While neither Obama nor Romney spoke much about the Israel-Palestinian conflict during Monday night’s debate, both men voiced heavy support for Israel‘s security in an apparent gesture to influential Jewish voters.

Nabil Abu Rdeneh, a spokesman for Palestinian President Mahmoud Abbas, said he understood the candidates are wary about discussing the sensitive conflict just two weeks before the election.

“But it should be clear to the United States that without solving the Palestinians-Israeli conflict, there will be no success for American policy in the Middle East,” he said.

The Palestinians have grown disillusioned with Obama, who took office promising to make the peace process a top priority and to take a tough stand against Israeli settlements in occupied territories.

Instead, Obama failed to persuade Israel to halt settlement construction, and substantive peace efforts have remained frozen throughout his term. The Palestinians have refused to return to the negotiating table without a settlement freeze, saying continued Israeli construction in occupied territories they claim is a sign of bad faith.

At the same time, the Palestinians are deeply wary of Romney, who declared earlier this year that the Palestinians have “no interest whatsoever” in peace.

Romney’s long friendship with hard-line Israeli Prime Minister Benjamin Netanyahu and his alliance with Jewish-American casino magnate Sheldon Adelson, a strong Netanyahu supporter, have further raised their suspicions.

During Monday’s debate, the two candidates seemed to be trying to outdo each other in their support for Israel‘s security, mentioning the threats posed to the Jewish state by Iran, the civil war in neighboring Syria and militant groups armed with rockets.

Romney briefly criticized Obama’s failure to advance Israeli-Palestinian peace efforts but gave no clue as to how he would promote peace.

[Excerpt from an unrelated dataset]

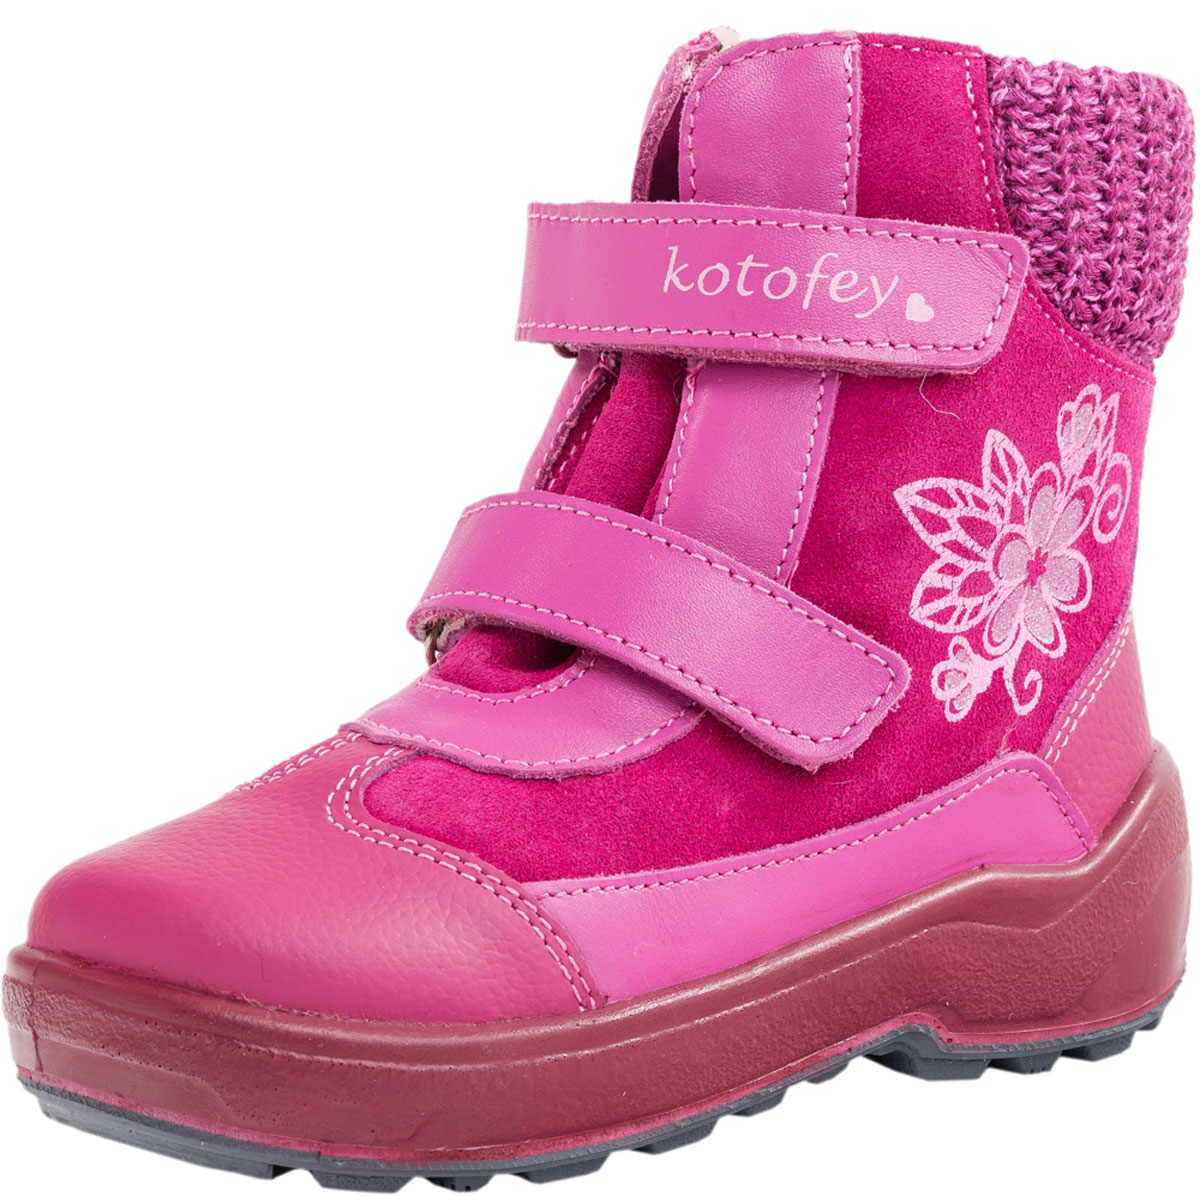 Ботинки для девочки Котофей, цвет: фуксия. 252114-42. Размер 24

It was the only time in the debate that the Palestinians were even mentioned.

“It was a sin of omission, and it was clearly the elephant in the room,” said Hanan Ashrawi, a senior member of the Palestine Liberation Organization.

“They are talking about peace, stability, democracy, freedom and human rights, and they both didn’t touch the Palestinian question, which is the main issue in the region that’s the key to peace and embodies the need for human rights and role of law and justice,” she said.

Netanyahu spokesman Mark Regev declined comment on the debate.